The Securities and Futures Commission, under the Financial Services Commission, has given its temporary approval to Kakao Pay to become the majority shareholder of local brokerage Baro Investment & Securities. A final decision will be made at the commission’s next meeting, slated for Feb. 5.

Having got the nod to acquire a local brokerage, IT giant Kakao can now expand its leverage in the financial market. It will now own a securities business along with an internet-only bank Kakao Bank. Kakao Pay is also preparing to launch a digital non-life insurance unit in cooperation with Samsung Fire & Marine Insurance.

The regulator’s preliminary approval came nine months after Kakao Pay submitted the application.

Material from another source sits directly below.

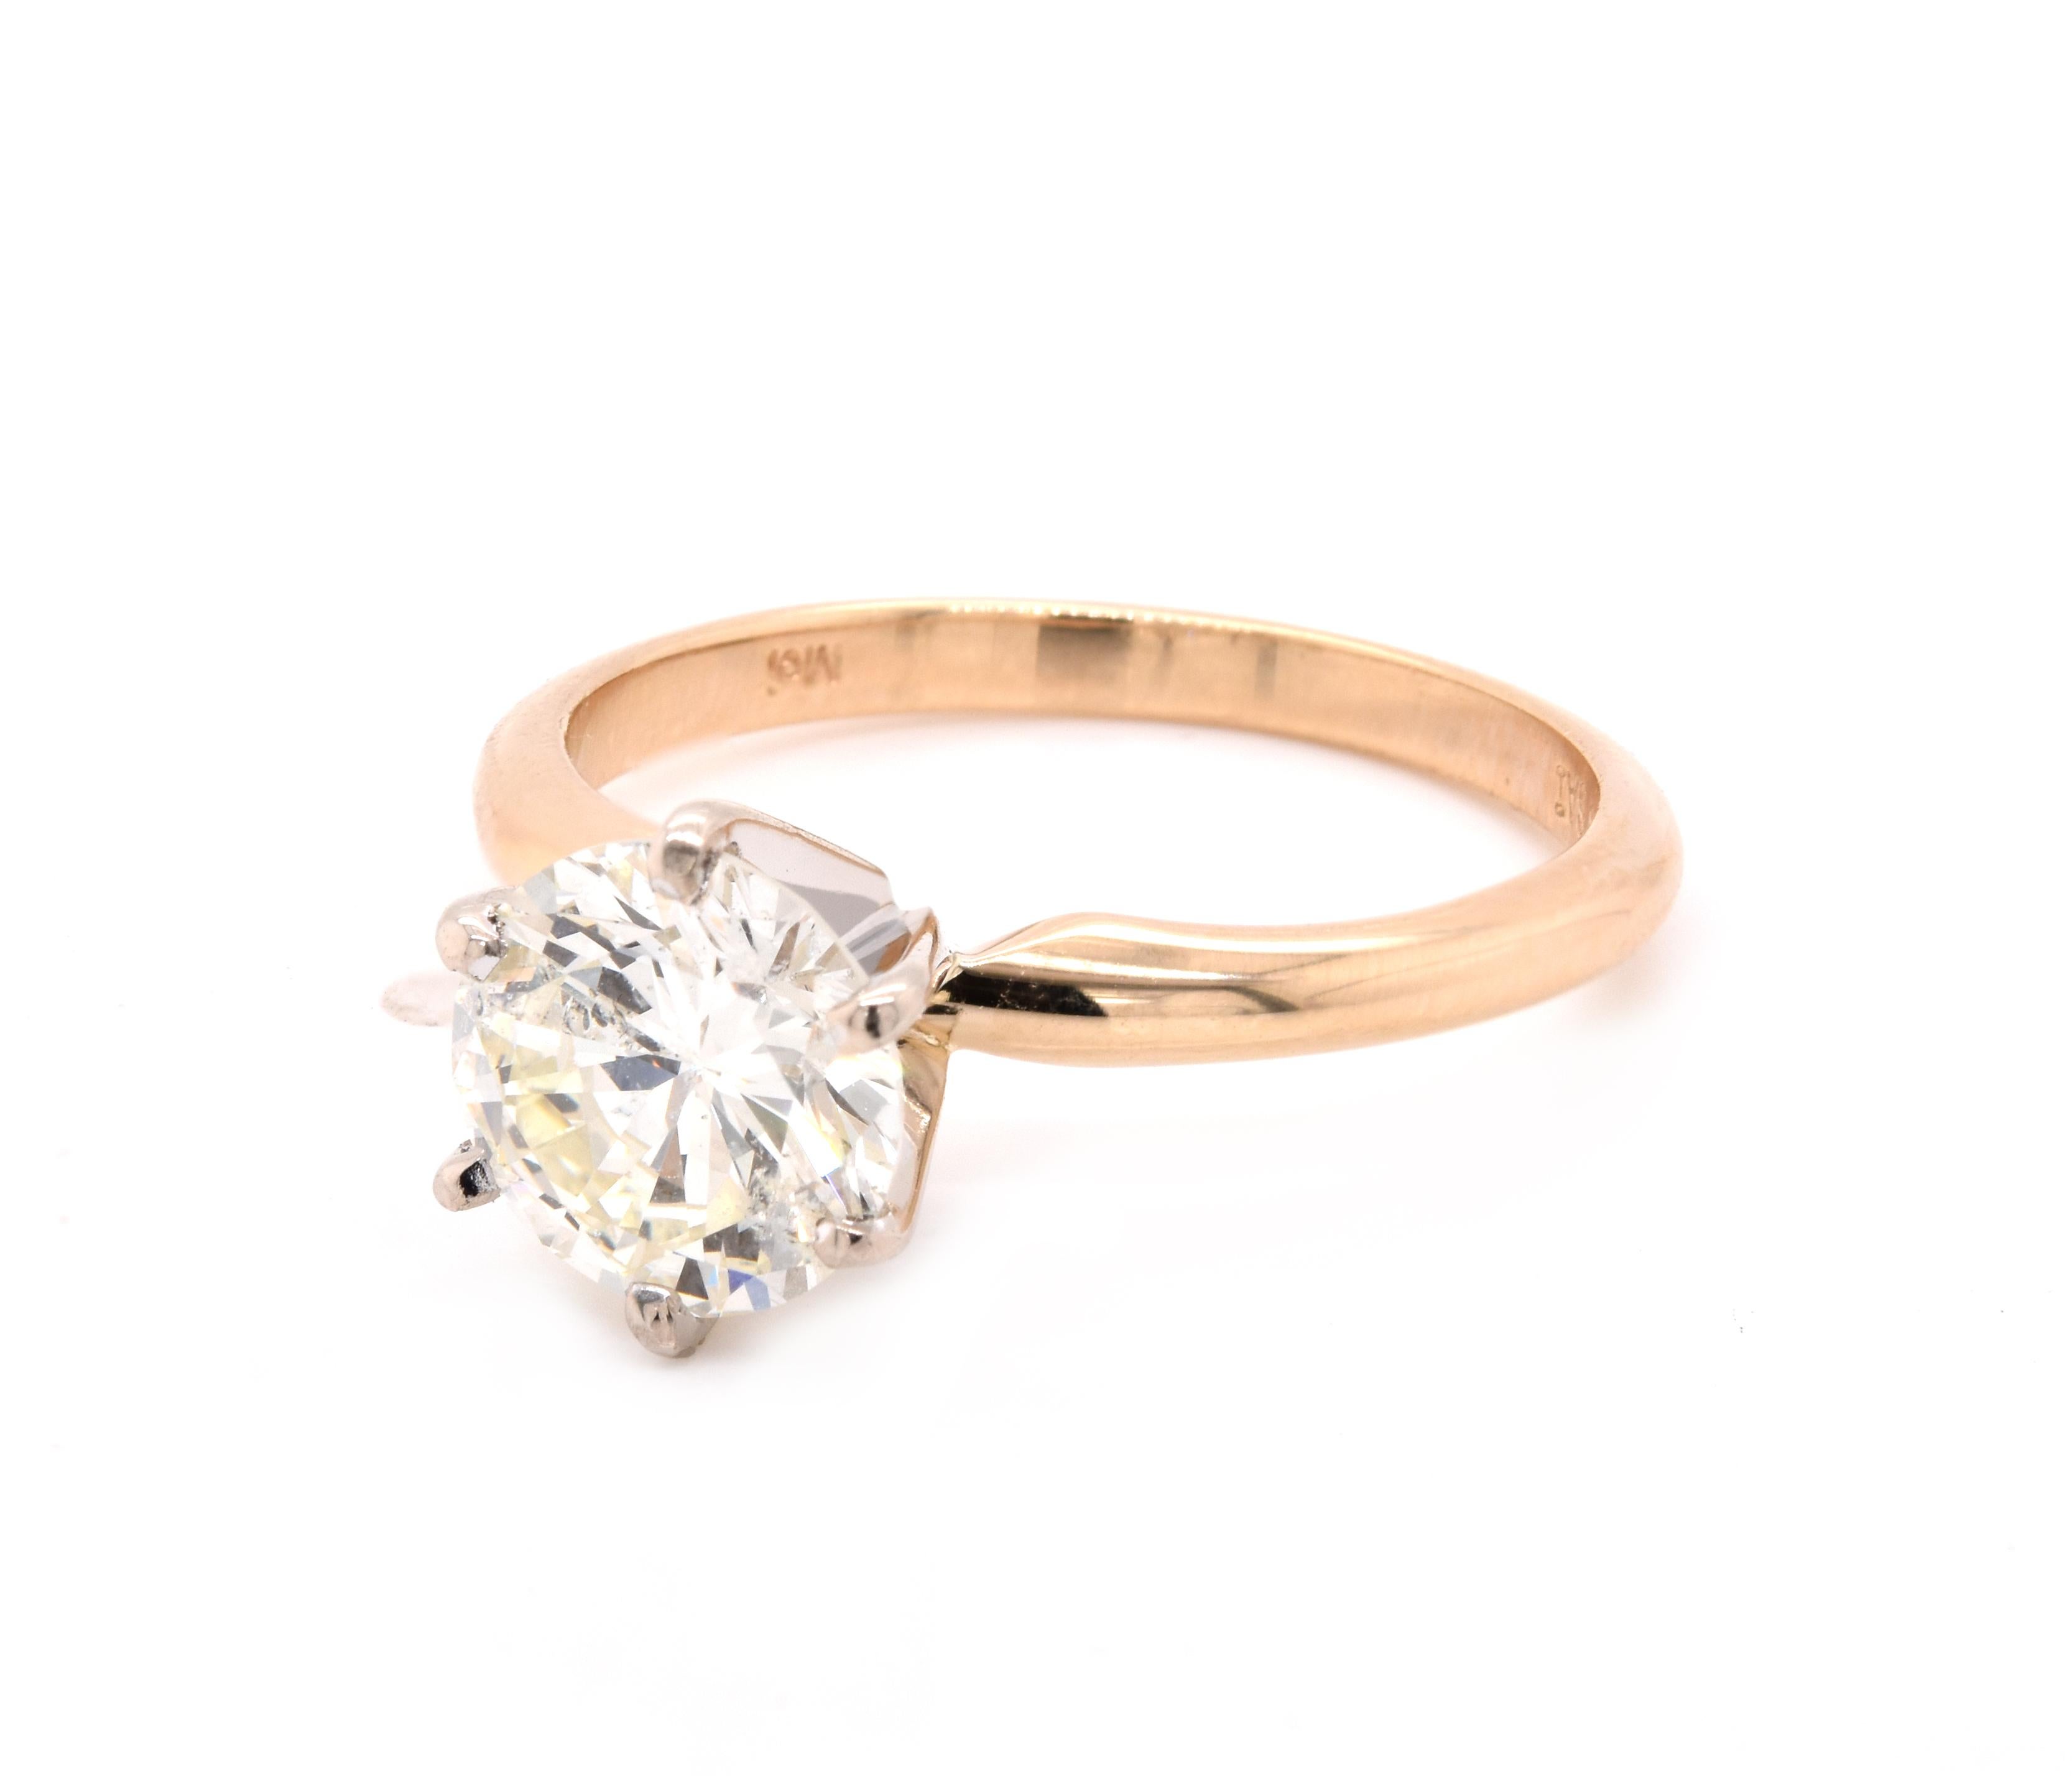 yellow gold diamond engagement rings

Previously, in October 2018, Kakao Pay signed a deal to acquire a 60 percent stake in Baro Investment for an estimated 40 billion won ($34.3 million).

The mobile payment company vowed at the time to expand its business leverage to various investments and asset management by enabling stock trading within the mobile messenger service KakaoTalk.

The expansion raised expectations as Kakao Pay has been on a steady upturn on the back of the nation’s most used messenger platform, KakaoTalk.

The mobile system saw its quarterly transaction volume climb from 10.6 trillion won in January-March to 11.4 trillion won in April-June and 12.9 trillion in July-September last year. The company’s estimated transaction volume for this year is around 68 trillion won, according to eBest Investment & Securities, and should rise further upon the confirmed acquisition of Baro Investment.

The FSC screening process was halted for several months, however, as Kakao Chairman Kim Beom-su faced accusations of omitting a required statement on the status of the company’s affiliates. The process resumed in November last year as the high court cleared him of wrongdoing.

Under the Capital Market and Financial Investment Business Act, major shareholders of financial companies are required to have no record of any criminal penalty within the past five years for breaching financial laws.